# Executable jar-File erstellen



## qde (27. Juli 2005)

Hallo!
Ich habe nun ein Programm erstellt und möchte es nun lauffähig für Klienten machen. Mein Programm besitzt eine grafische Oberfläche, welche durch eine Main-Methode konstruiert wird. Ich benutze Eclipse und wollte das ganze nun als jar-File exportieren. Bei dem Punkt 
"Generate the manifest file" bzw. "use existing manifest file from workspace" weiss ich allerdings nicht weiter. Auch bei der Option "seal contents" bin ich etwas ratlos. Bei den anderen optionen bin ich mir auch nicht so ganz sicher, sondern habe eher intuitiv geklickt. Hat jemand vielleicht irgendwo ein Tutorial zur Hand, welches am besten für Eclipse-Benutzer den weg zum lauffähigen Programm beschreibt?
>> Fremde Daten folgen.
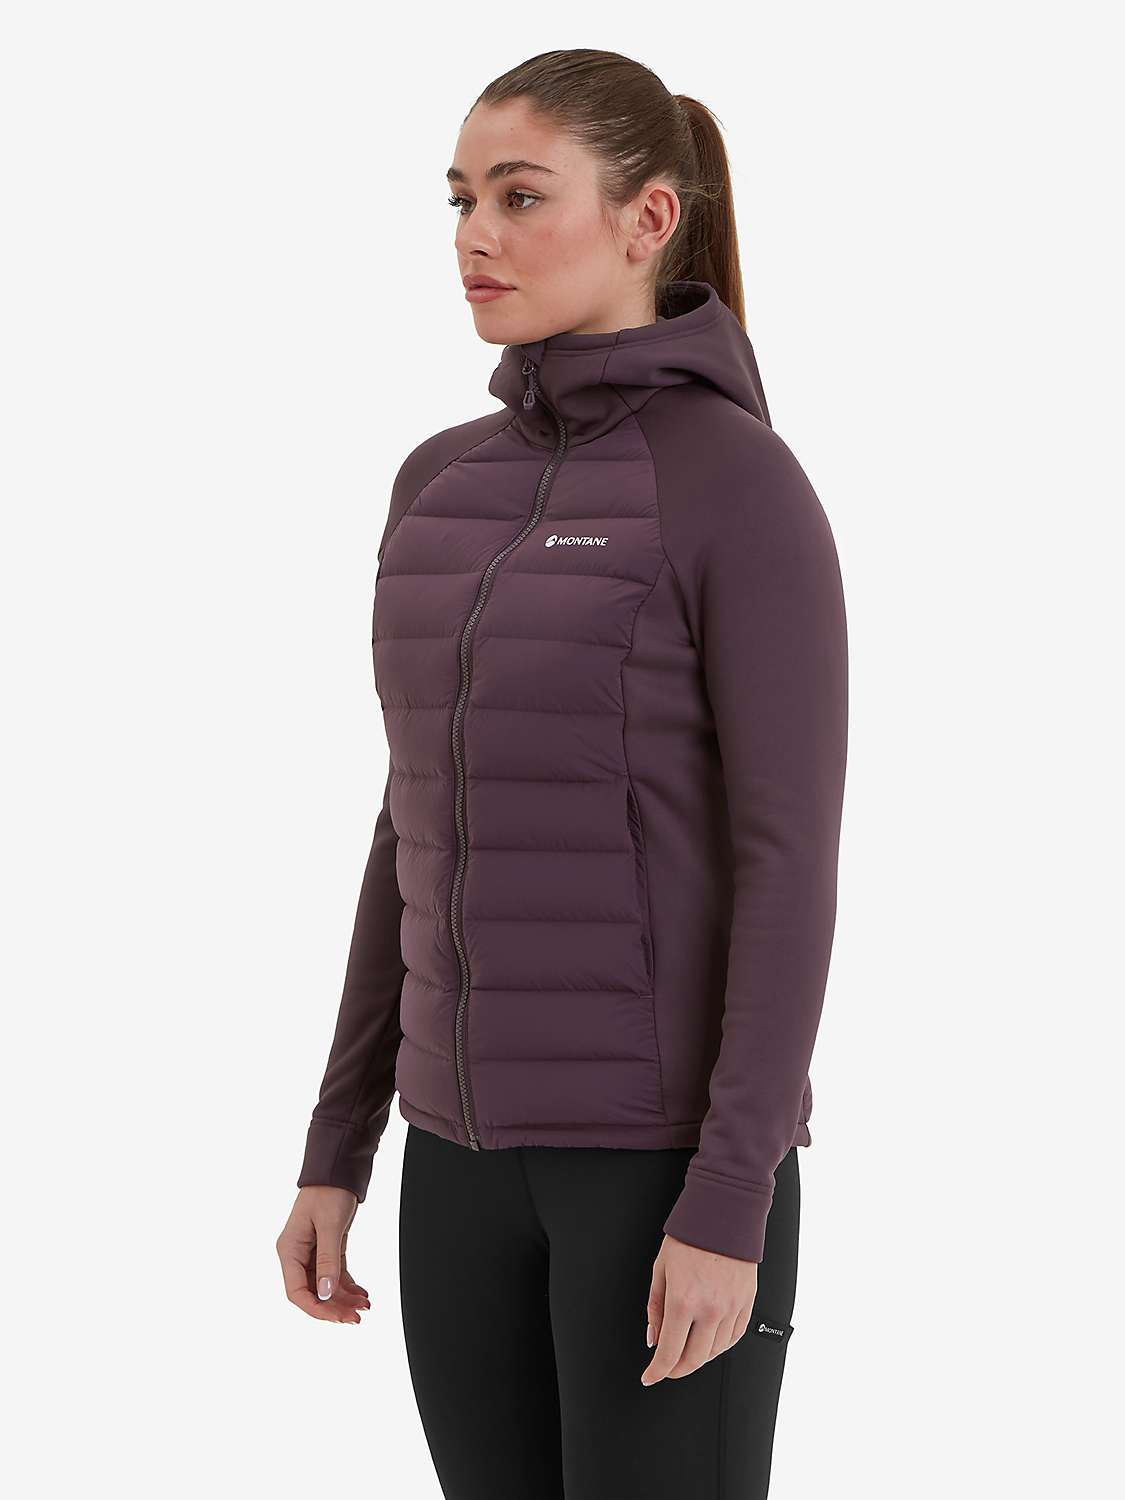 Buy Montane Composite Insulated Jacket Online at johnlewis.com
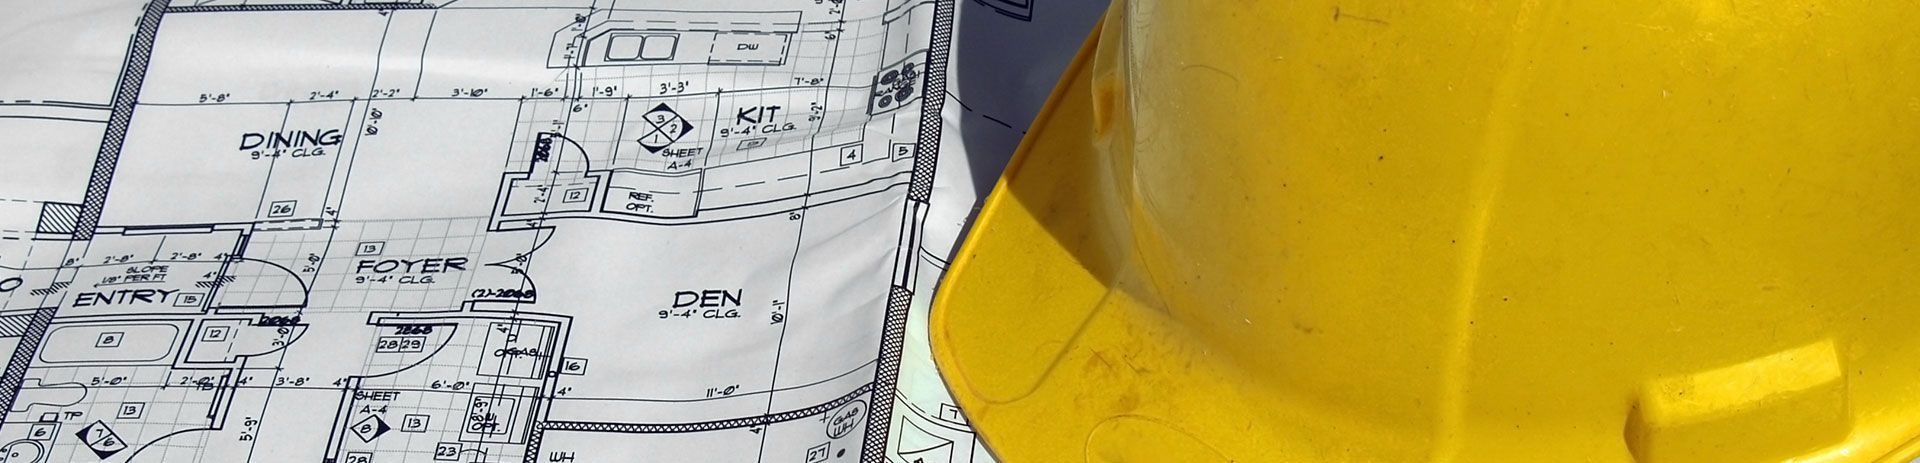 a yellow hard hat is sitting next to a blueprint .

Kann man die jar-Files eigentlich auch mit Linux ausführen (sofern jre installier)? Java ist doch plattformunabhängig...

Vielen Dank für eure Hilfe


----------



## illaX (27. Juli 2005)

Ja die Files können ausgeführt werden, wenn ein jre installiert ist.

Erstellen eines *.jar
Rechtsklick auf dein Projekt, Export, Jar File, dann habe ich immer standard einstellungen und gebe nur noch die Main Class bei Select the class of the application entry point an.


----------



## fanfan (27. Juli 2005)

Ich gebe immer an: Use existing manifest from workspace. Das Manifest habe ich vorher angelegt: (Datei die einfach manifest heisst):

Manifest-Version: 1.0
Main-Class: verwaltung.startfenster.Startfenster
Class-Path: swt\swt.jar jdbc\msutil.jar jdbc\mssqlserver.jar jdbc\msbase.jar

(wichtig ist auch eine Leerzeile nach der letzten Textzeile)

Seal Contents ist dann ausgeblendet. Ich weiss leider nicht was das bedeutet. 
Du kannst auch mal hier schauen: 
http://www.joller-voss.ch/tools/eclipse/EclipseSWTStarthilfe.pdf


----------